** Activity **
Reproduce, exactly and in full, only the lines below from the one containing "lims-saffiano-leather-slim-fit-edition-iphone-6-07.jpg" through the one containing "US President Joe".

** Task input **
▶
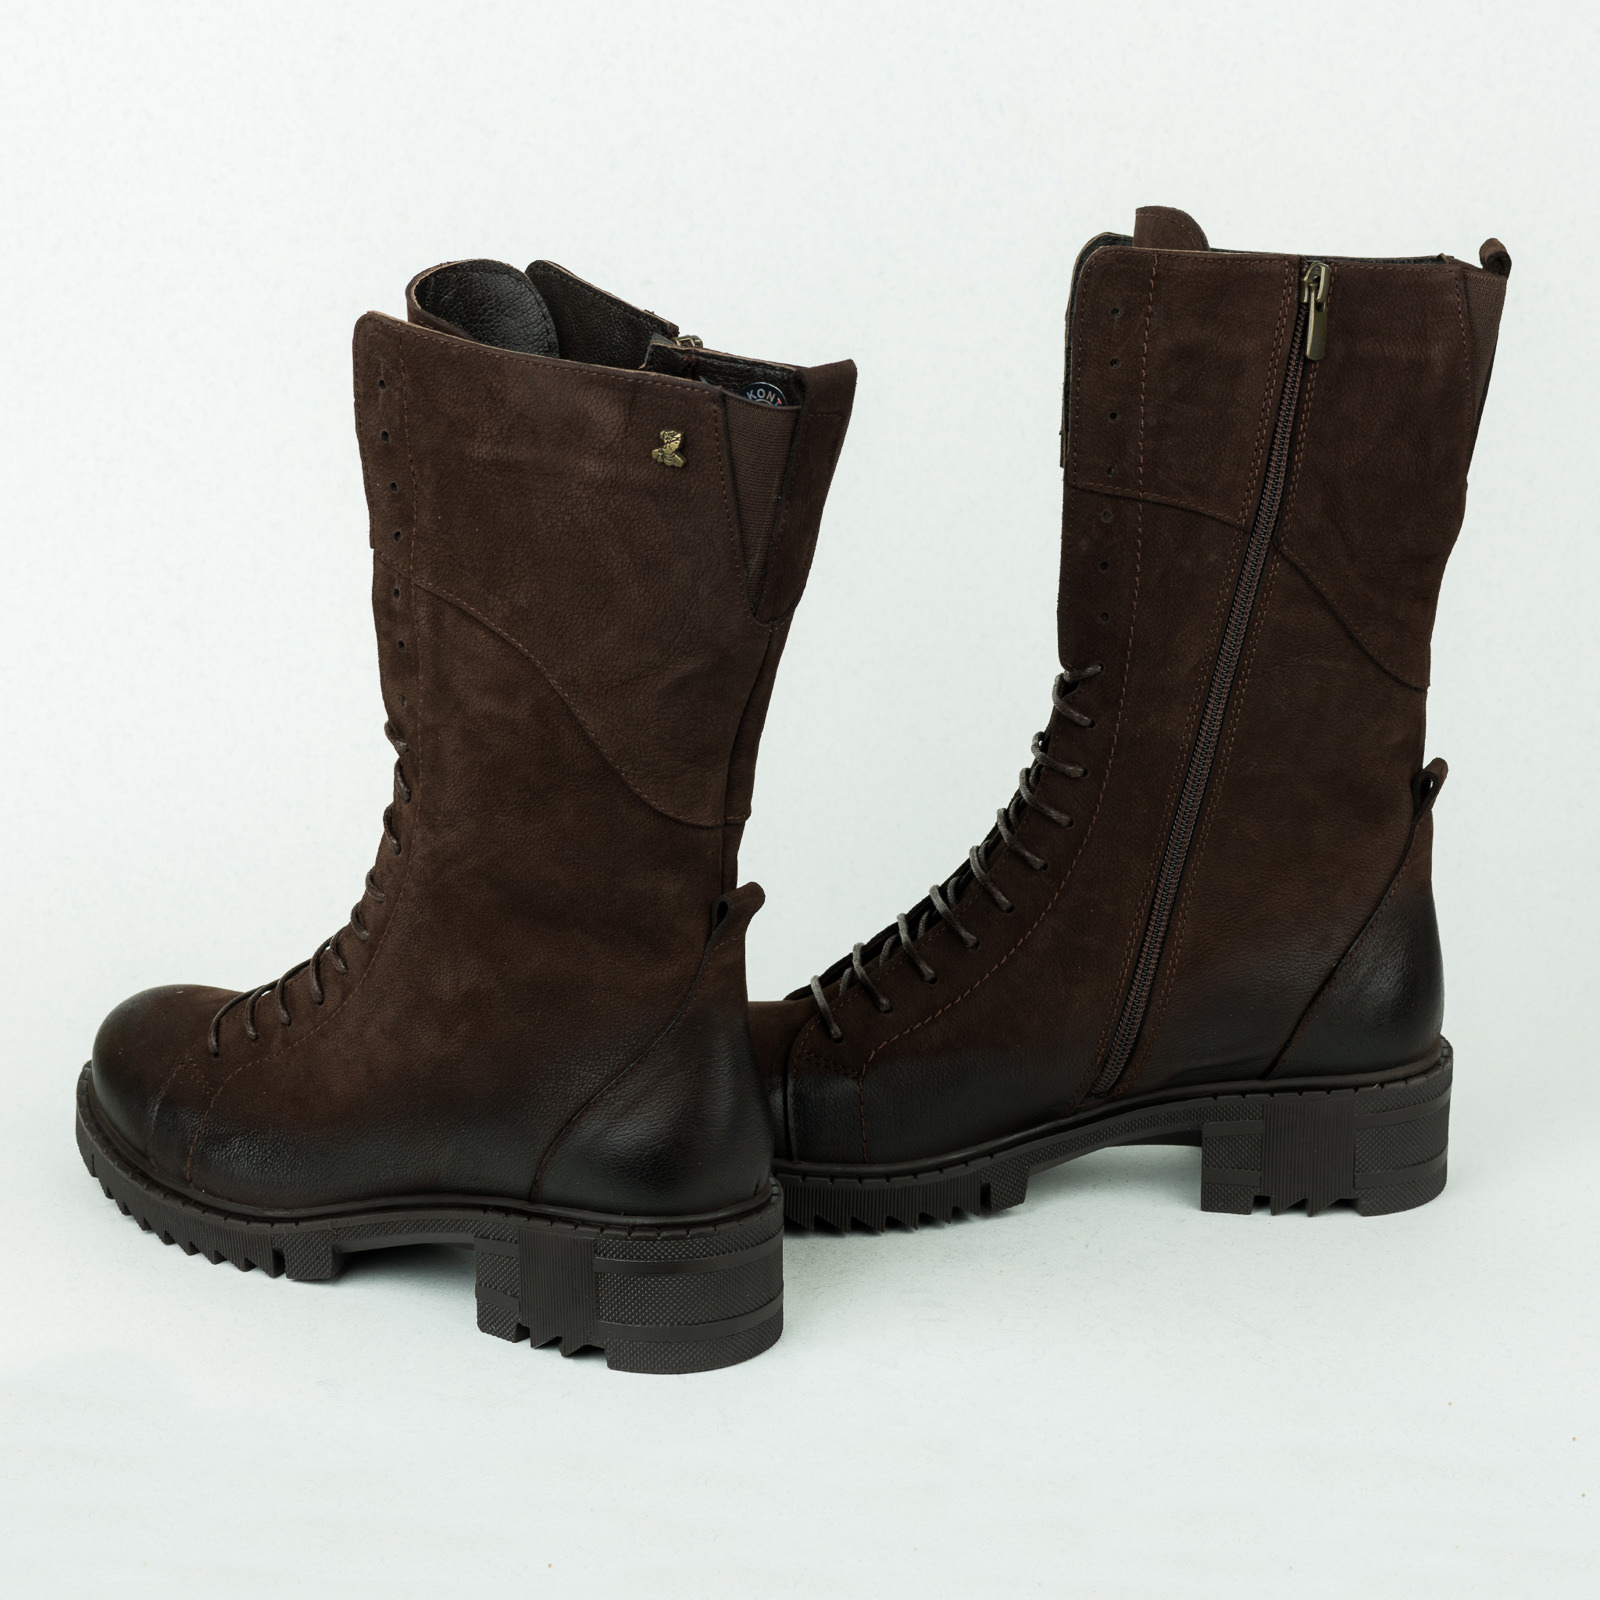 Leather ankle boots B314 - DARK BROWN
◀
▶
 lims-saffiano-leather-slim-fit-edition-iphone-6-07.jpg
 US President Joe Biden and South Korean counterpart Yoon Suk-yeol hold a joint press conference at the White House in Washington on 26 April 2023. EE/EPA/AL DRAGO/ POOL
◀
▶
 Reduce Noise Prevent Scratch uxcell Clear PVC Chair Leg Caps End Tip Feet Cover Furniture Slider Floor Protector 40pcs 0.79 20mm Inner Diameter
◀
** Expected answer **
 lims-saffiano-leather-slim-fit-edition-iphone-6-07.jpg
 US President Joe Biden and South Korean counterpart Yoon Suk-yeol hold a joint press conference at the White House in Washington on 26 April 2023. EE/EPA/AL DRAGO/ POOL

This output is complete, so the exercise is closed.